I know this has been mentioned before but it seems most of the threads end up with different conclusions depending on who is responding so I thought I would ask again.  There seems to be a huge gap between different doctors recommendations which is very scary when facing a disease like melanoma.  I would really appreciate it if you might comment on advice you have been given and what stage you were/age at the time.  Also if you did fall pregnant what the outcome was (although I know that is just anecdotal evidence at the end of the day it is encouraging to hear).

It feels selfish to write about this here when so many people are struggling so much with this disease, but the prospect of worsening your prognosis with pregnancy is frightening.  Made more so by the disparity in opinions within the medical fraternity.  I'm not sure if this is clinical bias, or perhaps lack of up to date knowledge that drives this.  From my reading, Marcia Driscoll's most recent 2010 review of the data suggests no correlation between pregnancy and melanoma/hormone use such as oral contraceptives/HRT and melanoma etc.  I am reassured when I read the article but I know some researchers get a bee in their bonnet about things and perhaps she is in the group favouring pregnancy.
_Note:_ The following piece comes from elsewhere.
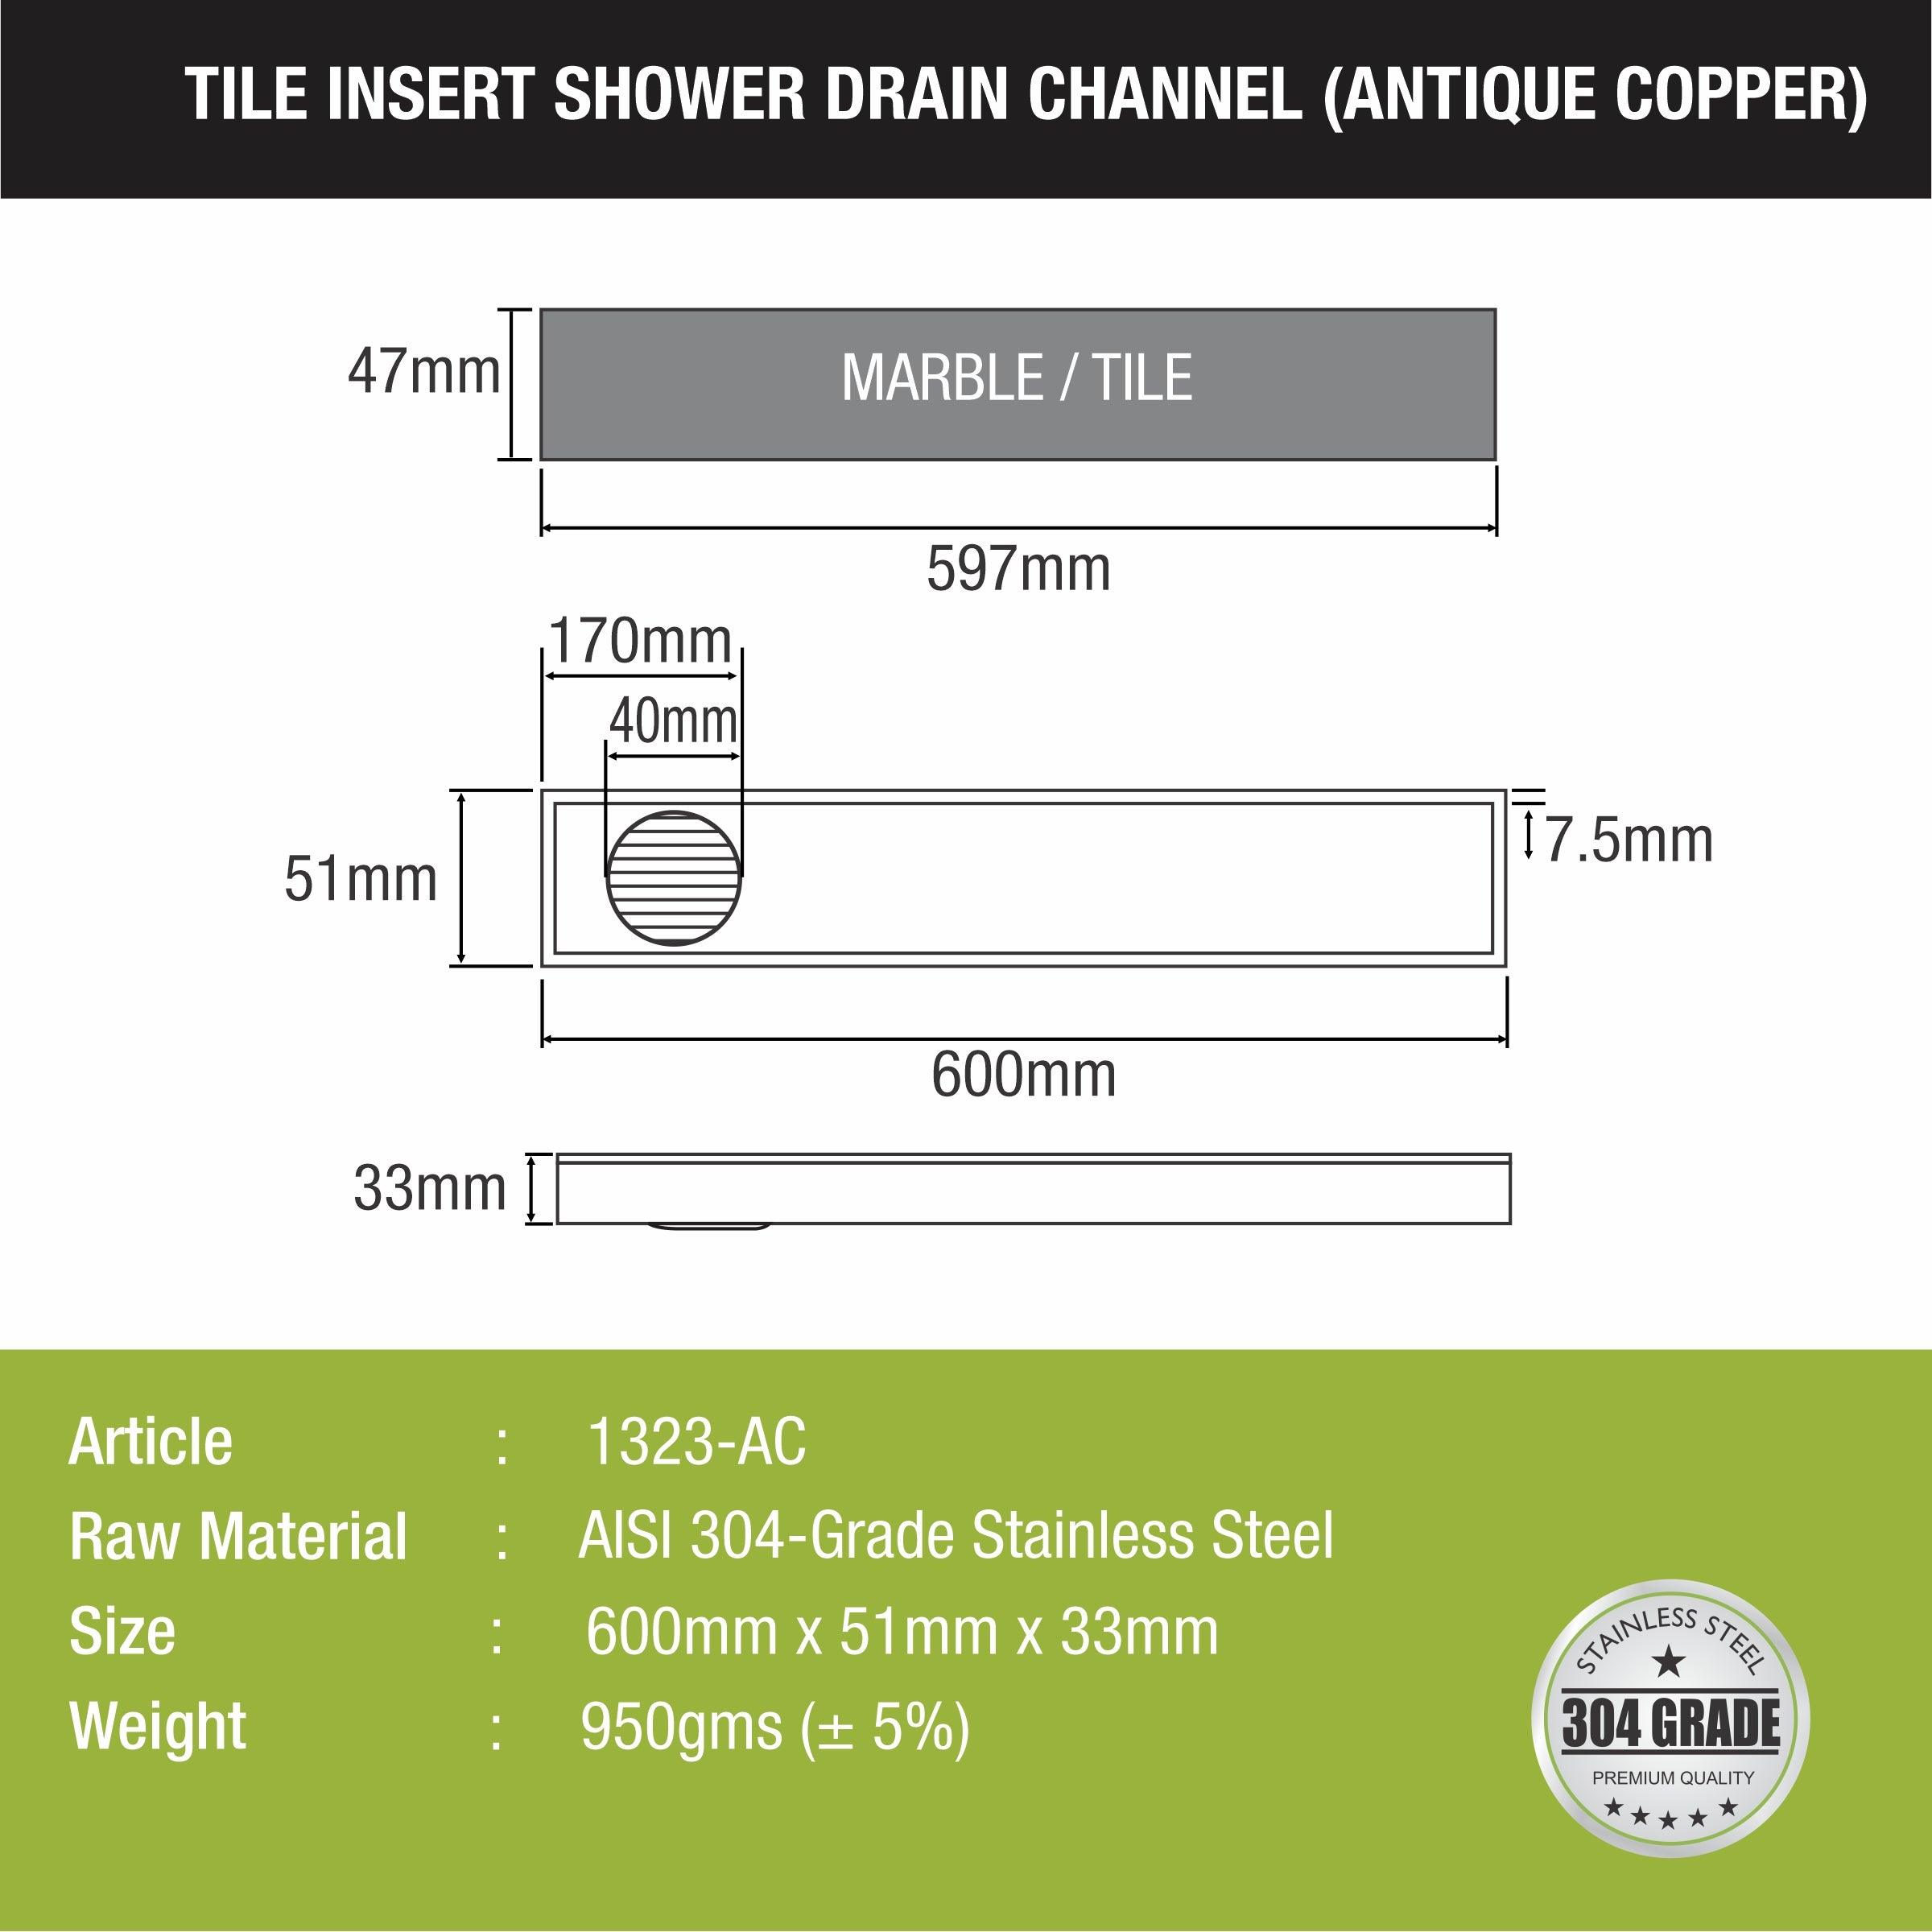 Tile Insert Shower Drain Channel - Antique Copper (24 x 2 Inches) sizes and dimensions

I recall lots of comments on this website, some women who have died following pregnancy with young children left behind.  I'm not sure of their stage when they fell pregnant but I know some have been convinced progression of their disease was related to pregnancy/IVF.
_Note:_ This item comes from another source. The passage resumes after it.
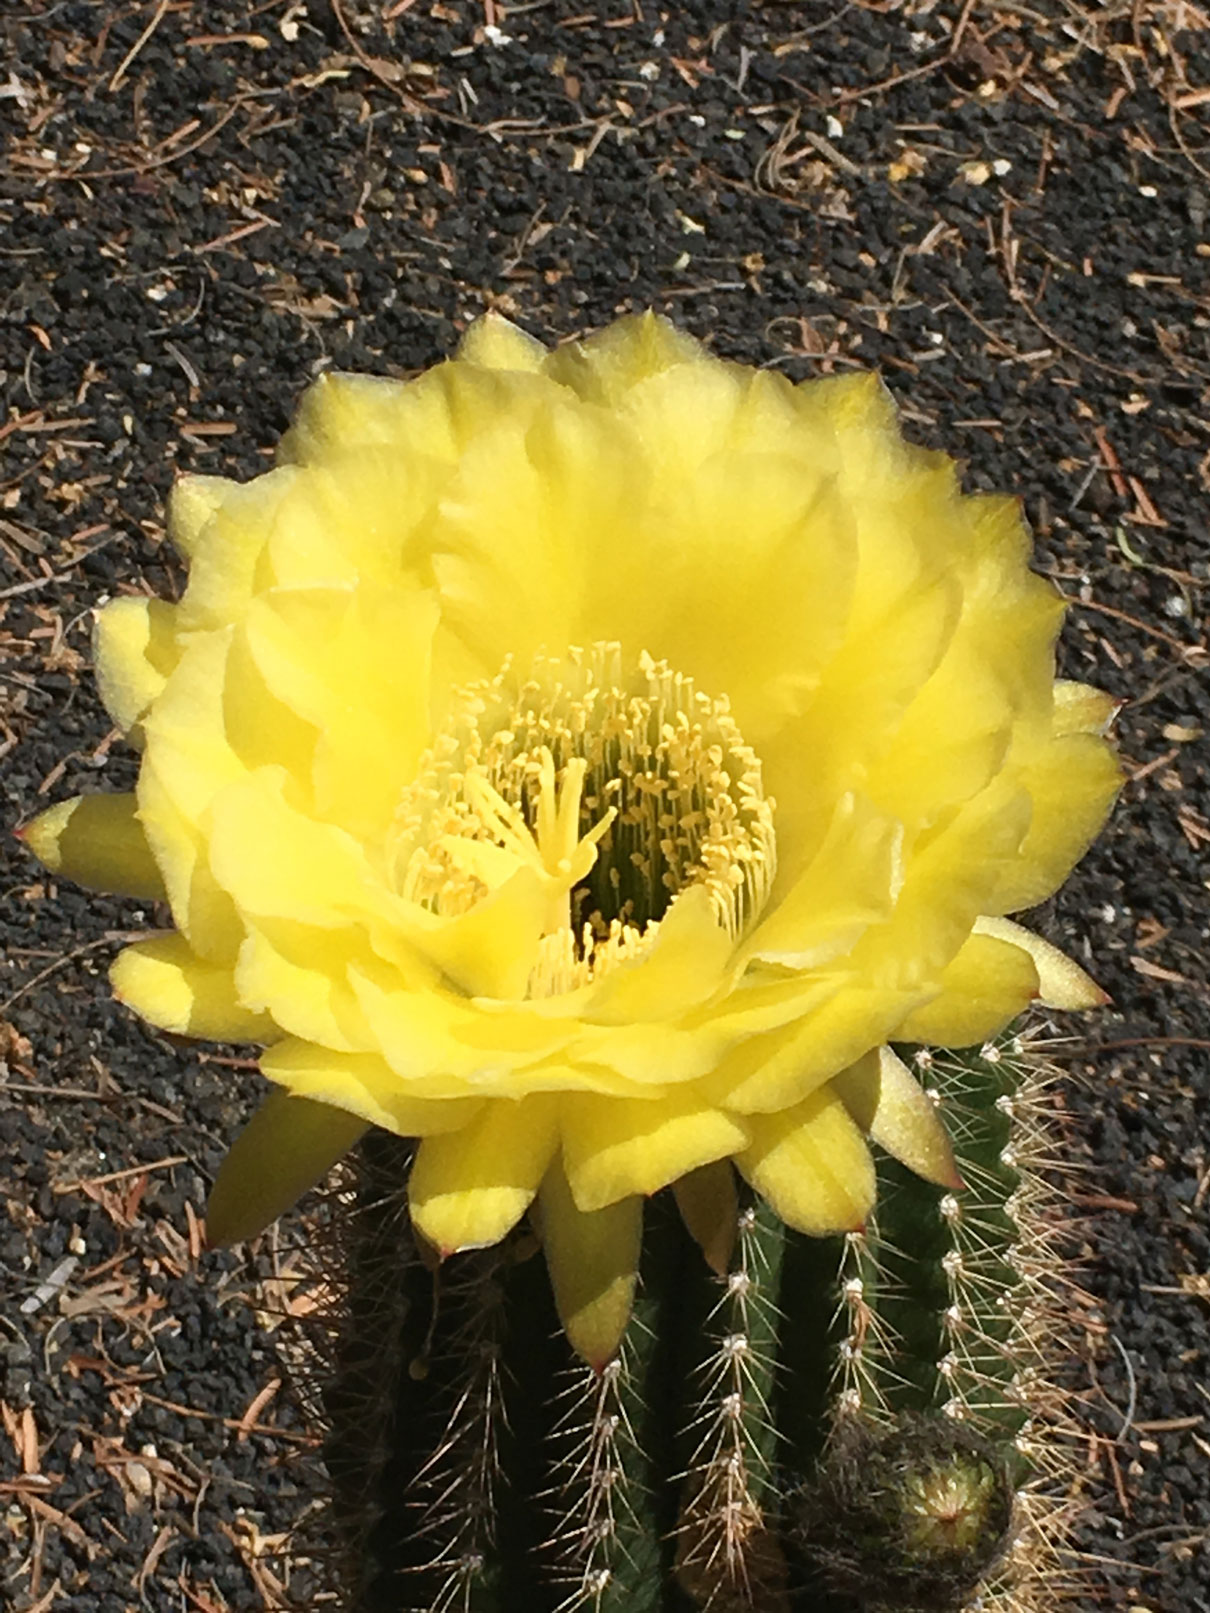 A bright yellow Torch Cactus bloom.

My situation is that I am 37 and have two beautiful children.  I do not want to leave them without a mother and would not want to take a risk with that.  Similarly I do not want to not get pregnant if there is no real increased risk of recurrence as per this article and some advice I have received.  We have wanted a large family of 4 children and time is running out for that dream so it is decision time.  2 years ago I had a Stage 1 melanoma removed which grew during pregnancy.  It was Stage 1, no ulc, <1 mitosis, 0.83mm, Clarkes IV, neg SLNB.  I saw three doctors before it was removed and only then because it was "bothering me", it was itchy. 

I have consulted various people - two dermatologists told me with the latest literature "no worries", dont "not get pregnant" because of the melanoma.  A surgeon (melanoma specialist) vaguely said, well if you wait 2 years you should be right.  More recently a Prof of Surg (melanoma specialist) has  said that if I fell pregnant, and if I were to recur, pregnancy would bring this forward.  (this was not borne out by my reading of Marcia Driscoll's review). 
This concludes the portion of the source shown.